Saturday, July 18, 2009

TONY MARTIN

Gary MacMillan

Occupation: Retired Sheridan College business professor

Age:66

Investment personality: Ultraconservative

Portfolio makeup: Bank GICs

A Non-Investing Business Professor

Last October, when the economy and the markets hit the skids, Gary MacMillan felt both secure with his investments and somewhat reassured to have his forecast confirmed. But he's the first to admit that a crash was something that he'd been predicting for more than 10 years. "Back then, the market had been going up and up, but I said, 'Wait a minute. With everyone putting money into mutual funds, it's bound to slow down.' I thought the bubble would burst, told my friends, but no one would listen, and then it happened."
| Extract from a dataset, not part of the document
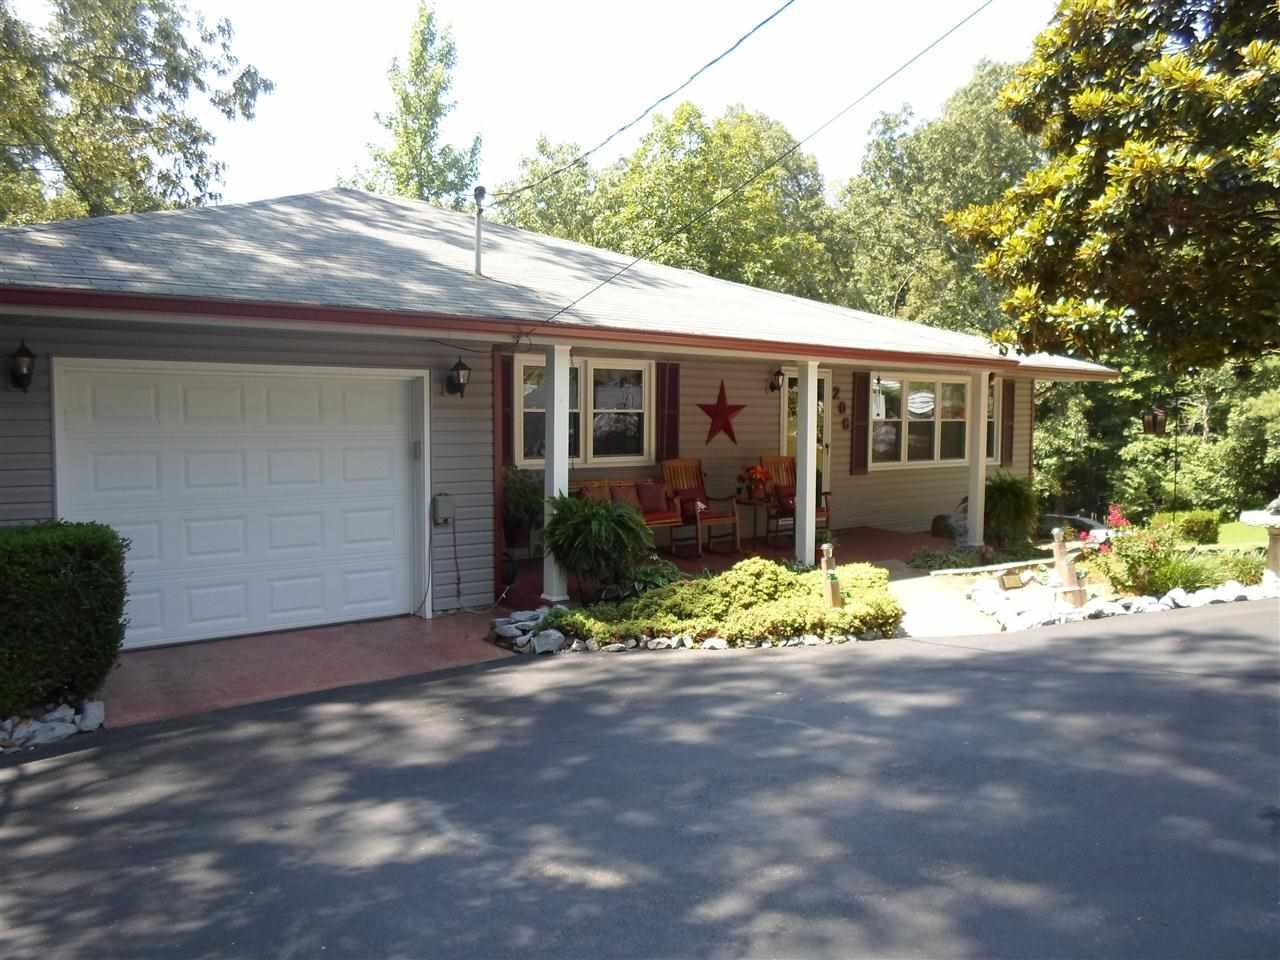 206 Leisure Acres Ln, Murray, KY 42071
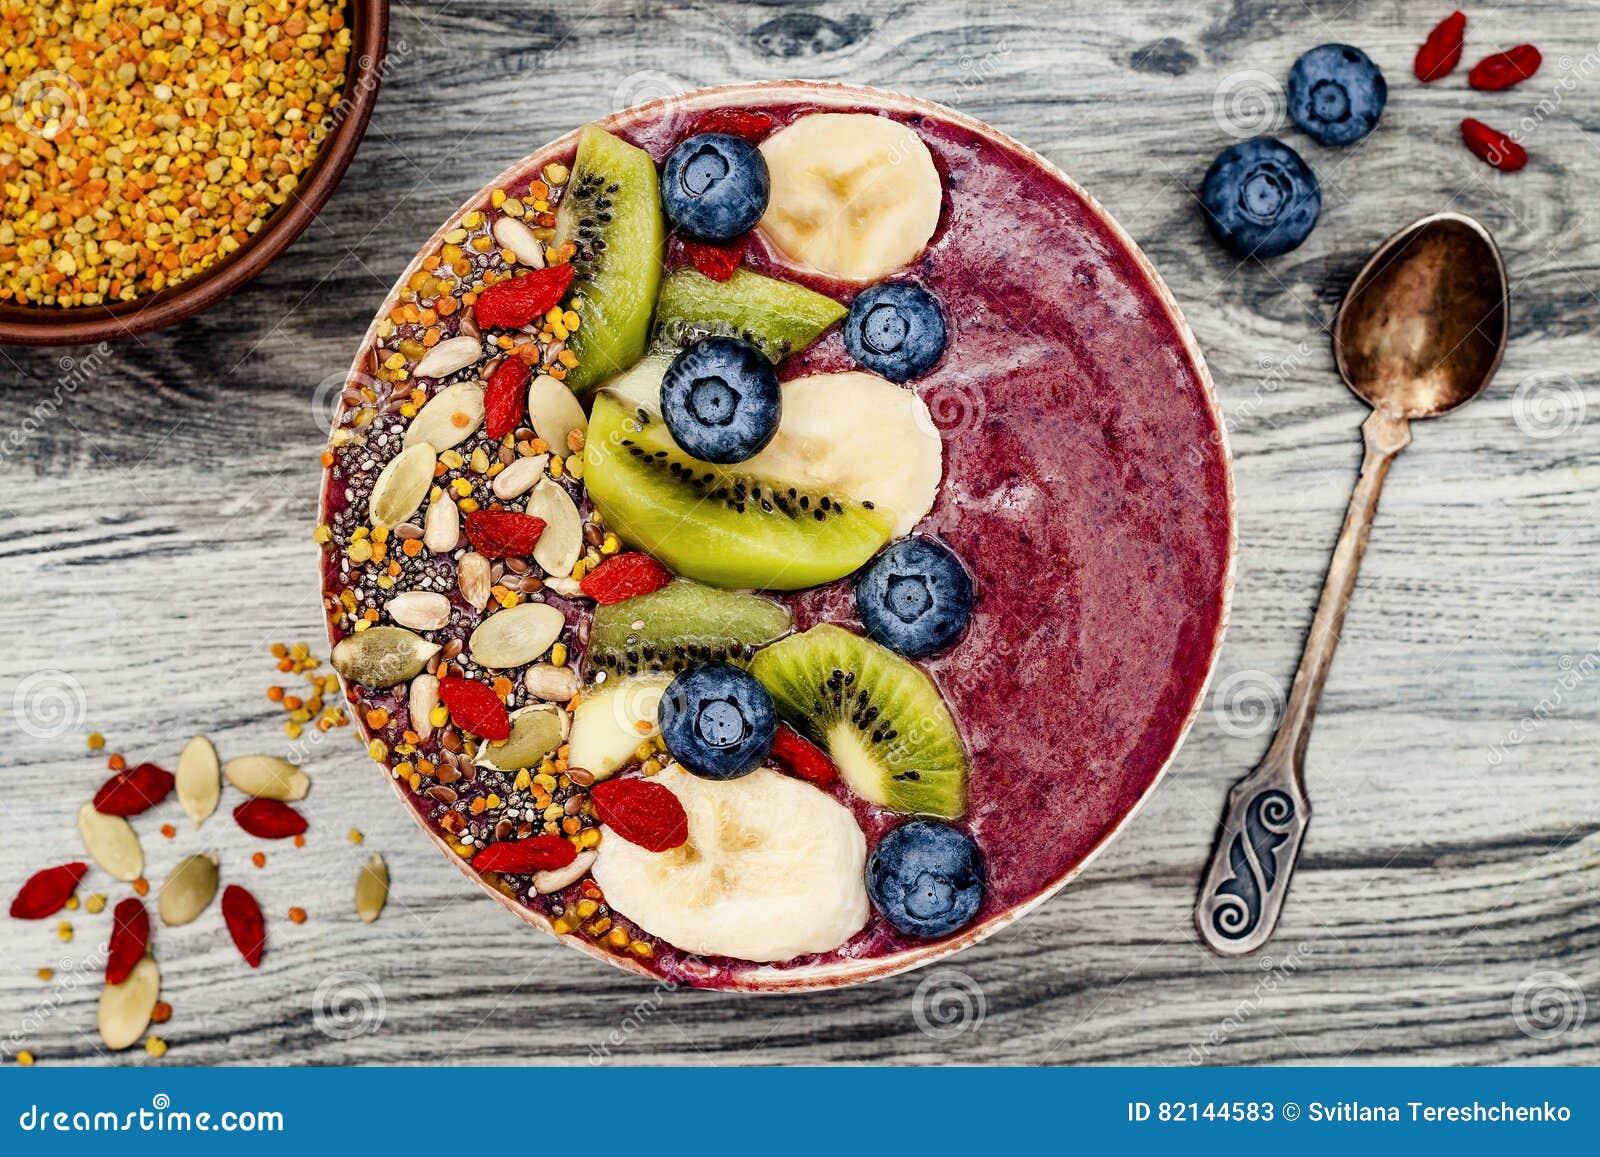 Acai早餐superfoods圆滑的人滚保龄球与chia种子、蜂花粉、goji莓果顶部和果子 顶上 顶视图,平的位置

The market did bounce back after the tech wreck, but the latest collapse just reinforces his view. While he believes that, long term, the stock market offers the best return, the recently retired business professor says the risk of investments getting sideswiped is just too high. How He Invests

Mr. MacMilllan's entire portfolio has for years consisted of laddered GICs. These days, all his GICs are for less than two years, as he expects rising interest rates within 10 months. While the U.S. government is trying to keep interest rates down, it won't succeed because of the need to sell Treasuries and other government debt, he says.

His Current View on the Markets

He calls the market's rise this past month a bear rally, saying he's anticipating another big drop due to the money supply tactics of the U.S. "The Federal Reserve is printing money to support Obama's economic plan. The currency is at its end and will drop." He feels there's a real danger of hyperinflation. "And while some argue that inflation is good for stocks, because prices and profits rise, they're phantom profits. That money has to go back to buy ever pricier inputs, and can't go to shareholders."

The New Risk

"Obamanomics has changed all the rules," Mr. MacMillan says. "There's now a brand new investment risk out there. I call it Government Interventional Risk." Simply put, he says, this has turned investing into "a guessing game in a blind alley."

Best Move

Even given today's low rates, Mr. MacMillan says paying off his mortgage seven years ago was a great step. Not only did it boost his cash flow, there was a big psychological upside. "It may not make economic sense, but I just wanted to be debt free."

Worst Move

Despite all the above, Mr. MacMillan does wonder if he should not have tried some riskier investments. "You certainly can learn more by making mistakes. We all takes risks, so why in the world have I not done it with investing in stocks?" Looking back, he realizes he missed out on many market highs - and potential profits - but says these days, he's more than happy to have been on the sidelines.

Advice

"The main investment goal is to protect your financial assets, with your focus on real rates of return. Without that protective philosophy, your desired income streams and hopeful capital gains will eventually go south."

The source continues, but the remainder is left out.